One alternative to actually obtaining a true LD50 value is to obtain an LD0 value. An LD0 value is a dose (again in mg/kg) at which no animals die. Using a LD0 value represents a more conservative approach (again because it is a lower value than the LD50). The main reason for using a LD0 for an ADI calculation is that it is less expensive than obtaining an LD50. Particularly for IV toxicity data, an IV LD0 is much less expensive than an IV LD50. It should be noted here that, for those people who calculate the ADI from the NOEL value, that the LD0 is NOT a substitute for a NOEL value. The LD0 value is that level at which no animals die; there may be (and usually there are, unless the dose is a very low dose) significant effects short of death. Therefore, if the two step calculation is used (as discussed in last month’s Cleaning Memo), the LD0 value is first converted to a NOEL value and then the NOEL value is converted to an ADI.

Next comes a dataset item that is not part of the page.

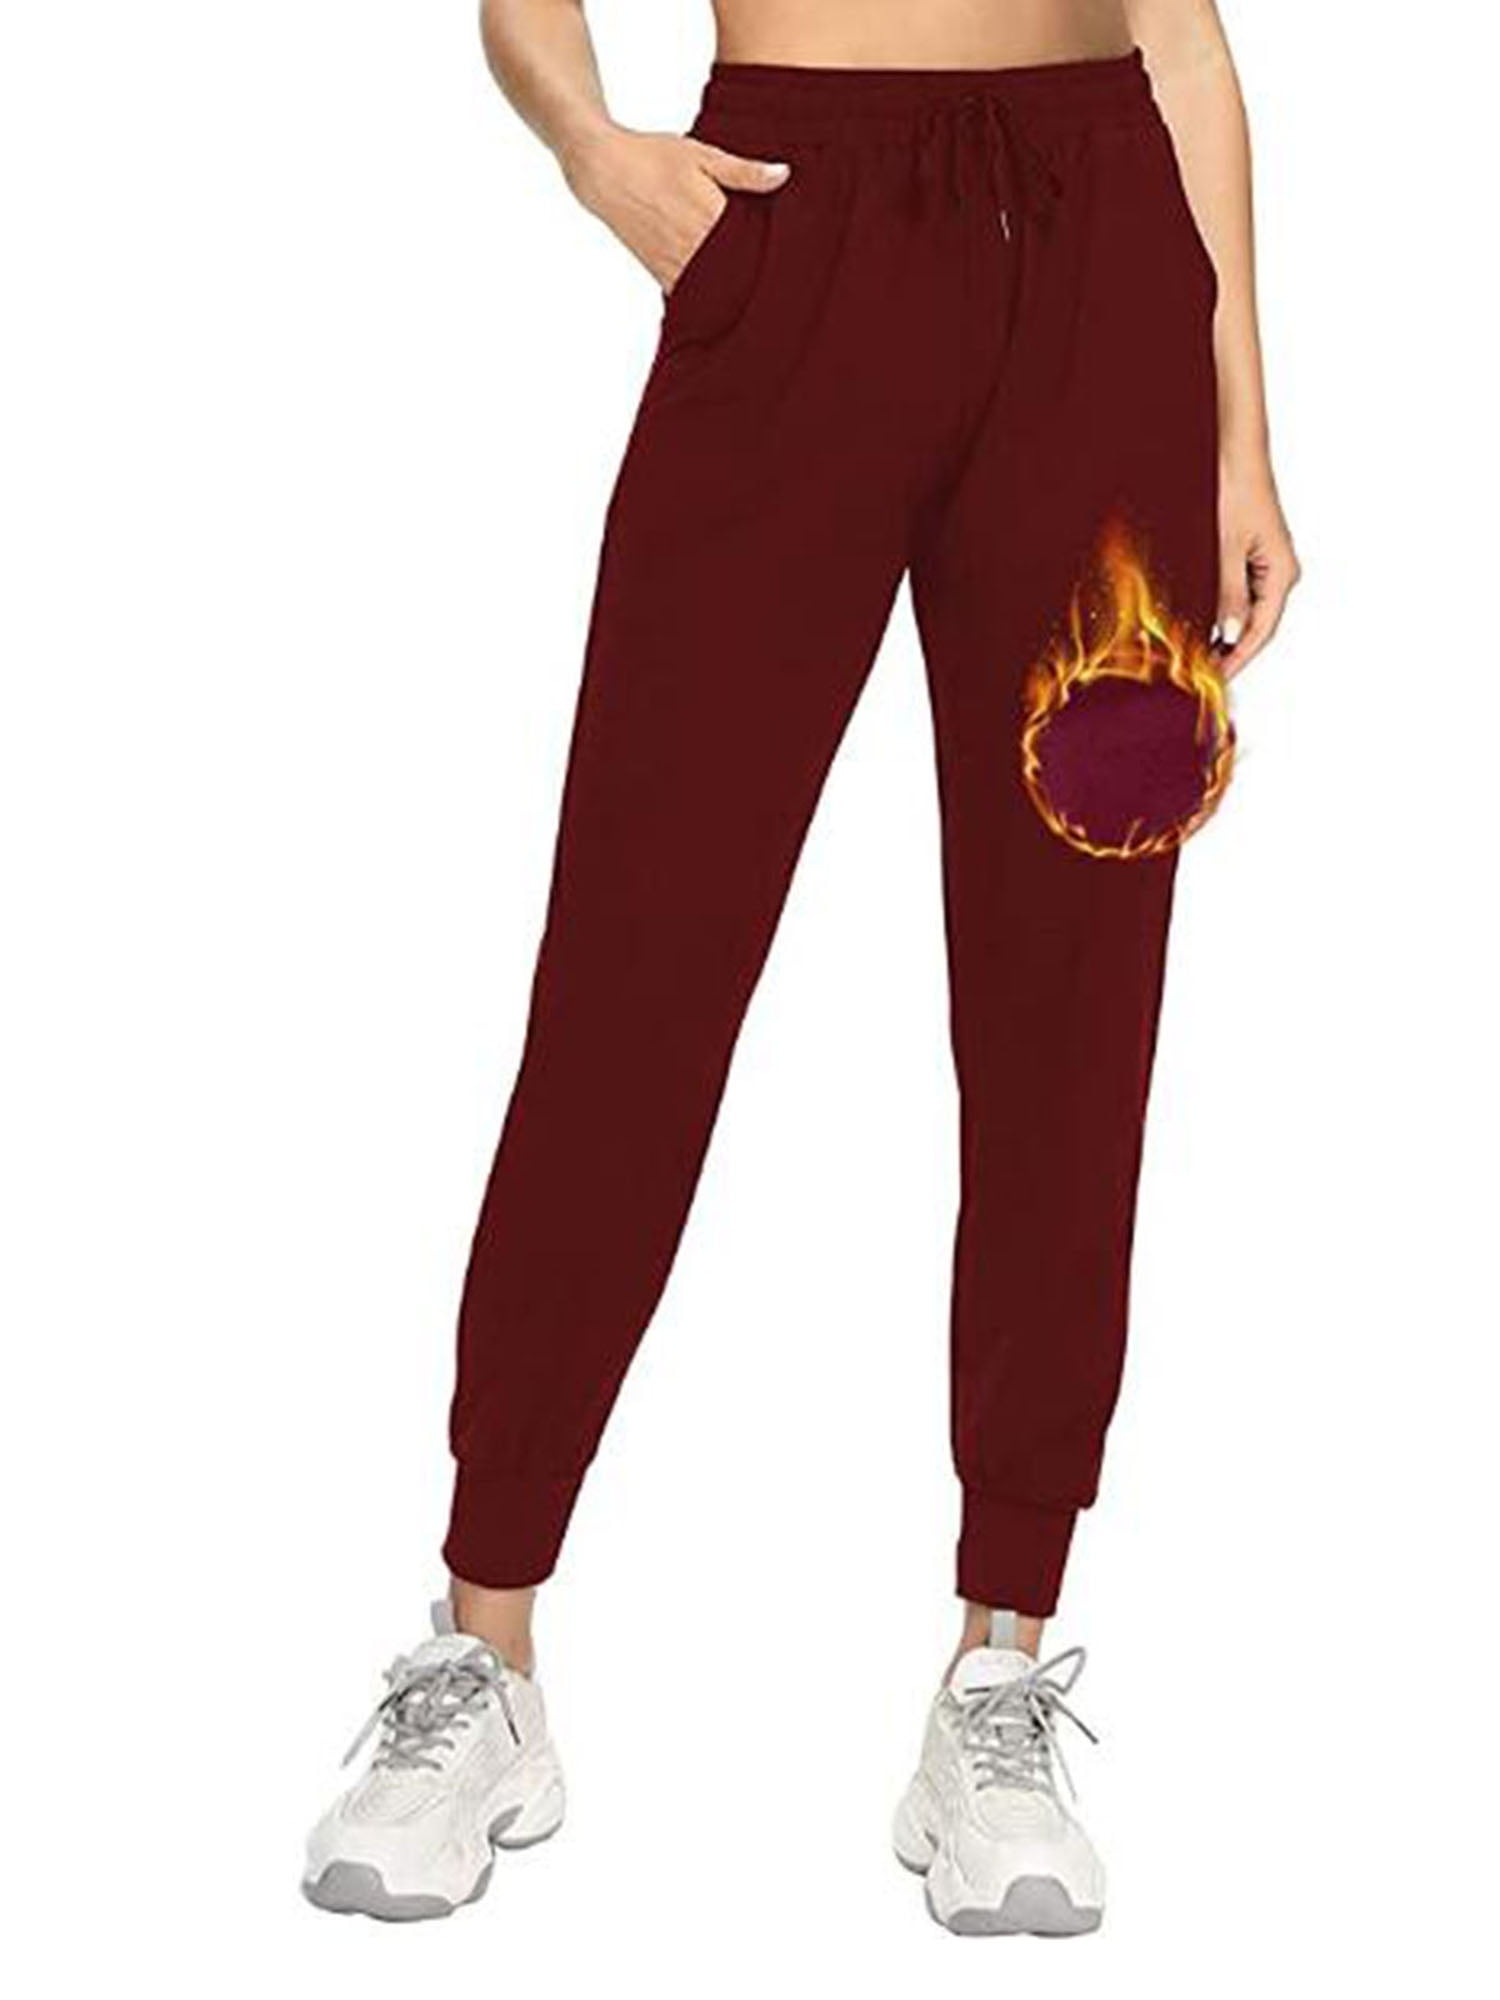 Canrulo Womens Winter Sweatpants Warm Fleece Lined Sports Pants Running  Workout Trousers Red Wine S

Another issue for cleaning agents is the issue of a “default” value to be used if the calculated safe value is above that default value. For drug actives for finished drug manufacture, a default value of 10 ppm drug active in the next product is typically used. Is it required to have a similar default value for cleaning agents? It should be remembered that while the practice of having a default value is not a regulatory requirement, it is a very common industry practice. Such a default value prevents cases where the medically safe calculated value is very high (also note that a requirement that the equipment be visually clean also prevents cases where the medically safe calculated level is very high). It should be noted that a very high “medically safe” level may not be acceptable for other reasons, such as quality specifications and/or stability of the next manufactured product. If a default value, such as 10 ppm in the next product, is selected for formulated cleaning agents, it is preferable that the default value be 10 ppm detergent solids. This makes it more analogous to the 10 ppm drug active default value typically used. Again it is not a requirement that the 10 ppm be based on formulated detergent solids. However, the rationale for this recommendation can be illustrated by the example of two cleaning agents, one called Product ABC containing only 25% sodium lauryl sulfate (SLS) and another called Product XYZ containing only 50% SLS. Does it make logical sense to set a default limit of ABC at 10 ppm (equivalent to 2.5 ppm SLS), while the default limit of XYZ is also 10 ppm (equivalent to 5 ppm SLS)? If the two products were compared on the same solids basis of 10 ppm, the limit for ABC would be set at 40 ppm formulated product and the limit for XYZ would be set at 20 ppm formulated product. Each of these situations would result in setting the default limit at 10 ppm SLS. Here again, it is not a requirement that default values for formulated detergents be set based on detergent solids. However, there is some logic to doing so.

A final issue on limits for formulated cleaning agents is what to do for those cases where the calculation requires an IV LD50, but there is no IV toxicity information available from the formulated detergent supplier. Again, the preferred option is to have the IV toxicity info, perhaps an IV LD0 value, available. If it is not available, then it may be possible to estimate a worst case IV LD50 based on the IV toxicity data of the individual components. However, while oral LD50 values for components are widely available, the same cannot be said for IV LD50 data for those same components. If the cleaning agent must continue to be used, other techniques, such as analogies to other products, may have to be utilized. If such an approach is used, care must be used so that worst case estimates are utilized and justified. This Cleaning Memo presents several issues in calculating residue limits for formulated cleaning agents in finished drug manufacture. It should be emphasized that the preferred option is to base calculations on documented LD50 values by the same route of administration. However, in the absence of such information, several options are presented for making worst case estimates of toxicity.